The easiest method is, as I explained earlier, to to use Docker for Lambda to create an image with selenium, chrome / chromium headless and webdriver, but given the way Lambda restricts the environment making it work on selenium is quite difficult but not impossible.

In this tutorial I will provide a guide on how to do exactly that.

Using the GitHub repository directly

You need VSCode & Docker for Desktop installed for this to work. On Windows systems, you will need to configure WSL2 as well.
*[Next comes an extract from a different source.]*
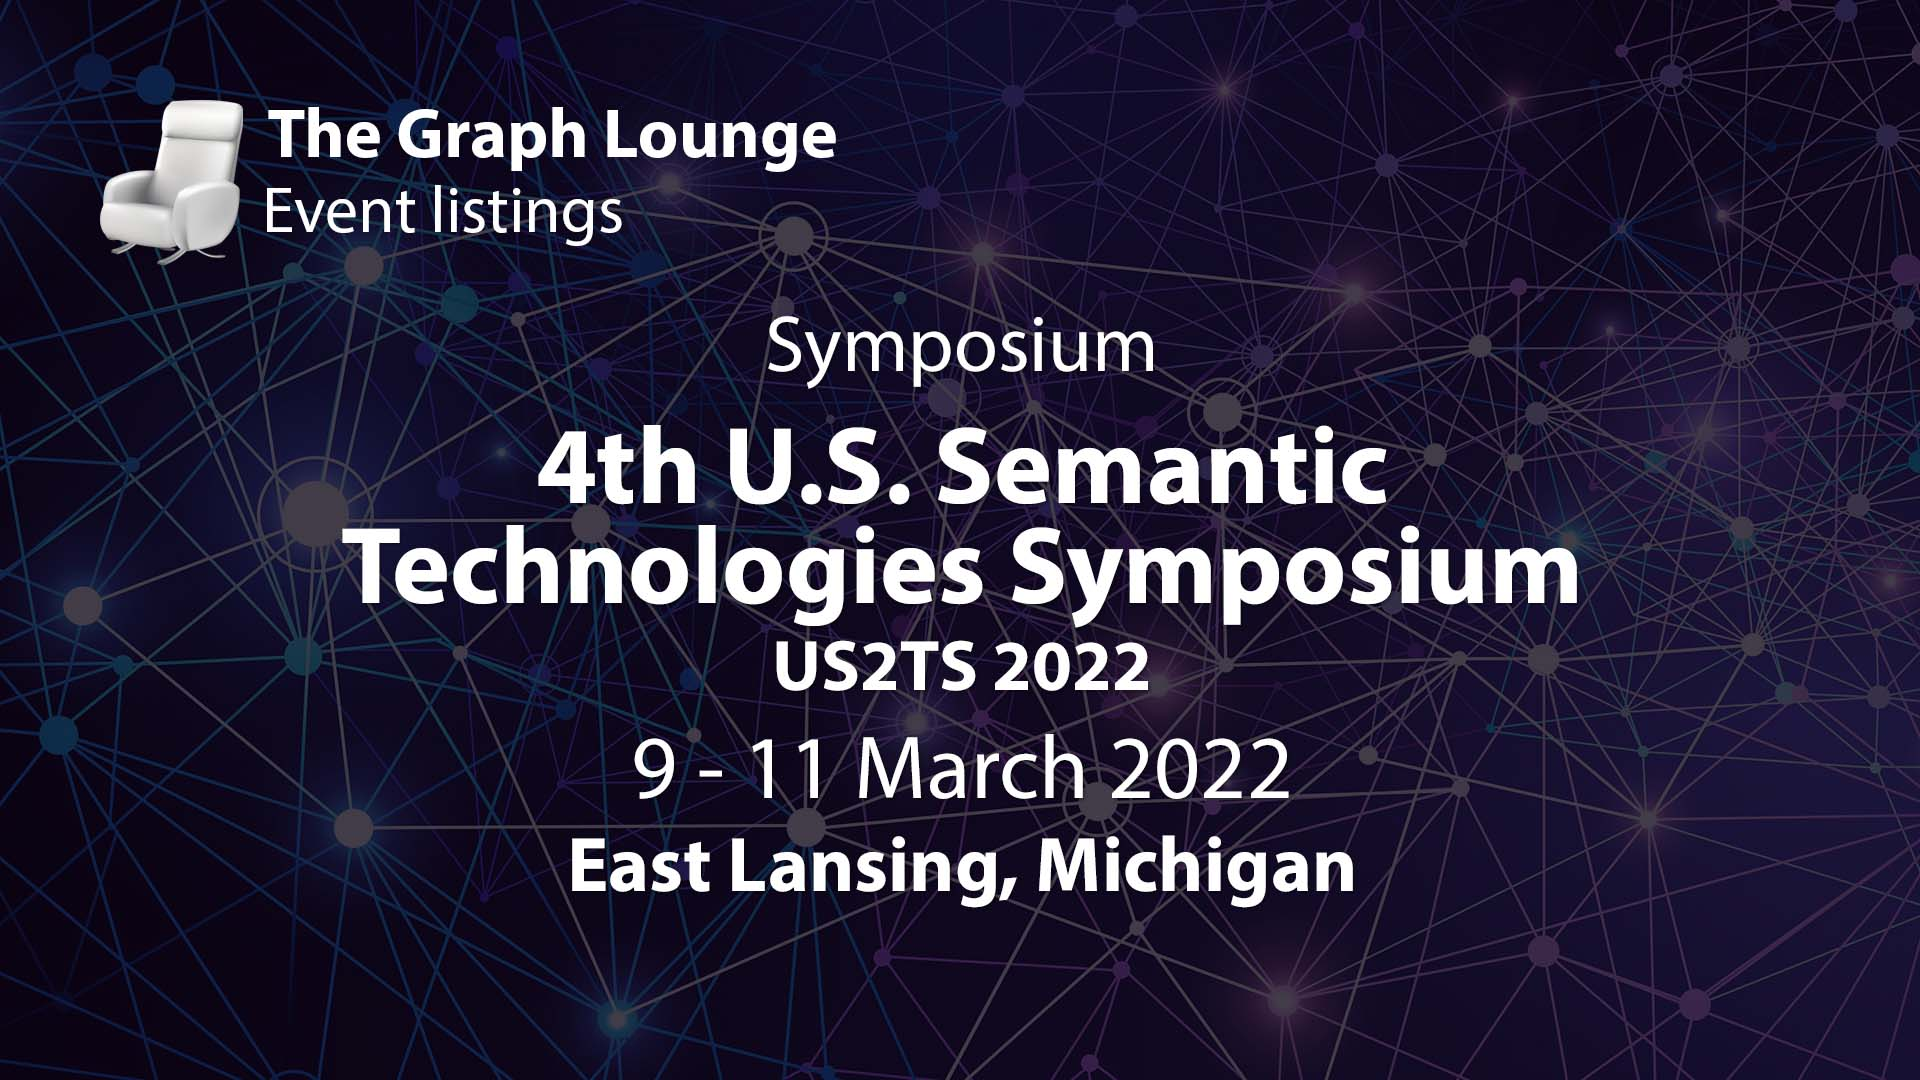 4th U.S. Semantic Technologies Symposium (US2TS 2022)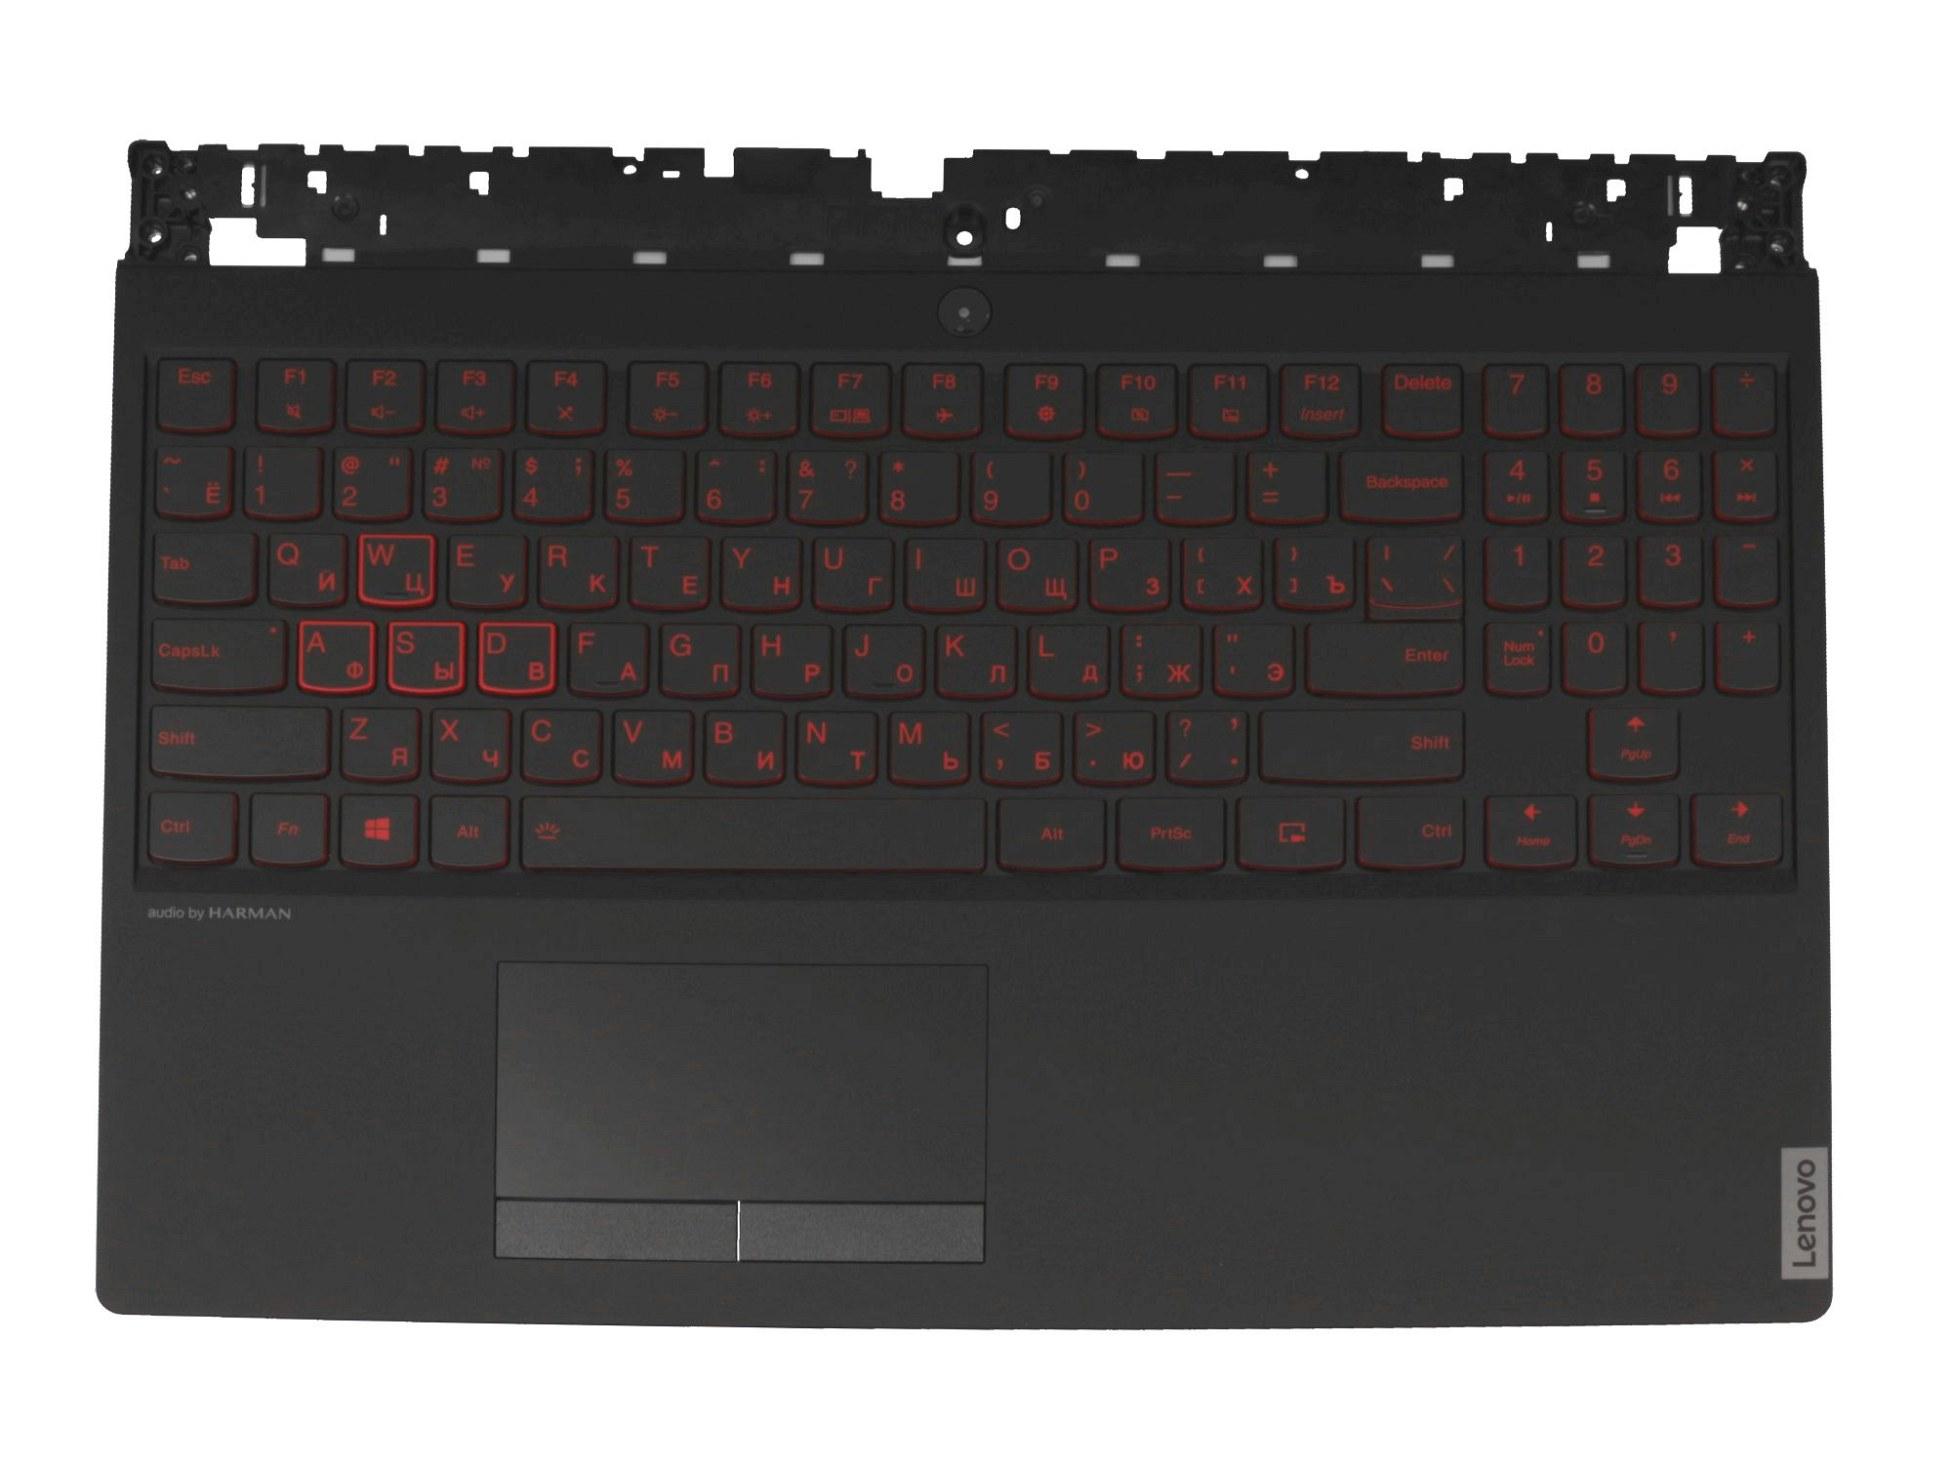 TRY719 Tastatur inkl. Topcase RU (russisch) schwarz/schwarz mit Backlight Original

After that open VSCode, press Ctrl+P, type Remote-Containers and choose Clone a repository in container volume. When prompted paste the link to the following GitHub repository.

https://github.com/rehanhaider/selenium-in-aws-lambda.git

Create the app

Unlike the previous guide we'll use a manual cloudformation template to create a new Lambda app.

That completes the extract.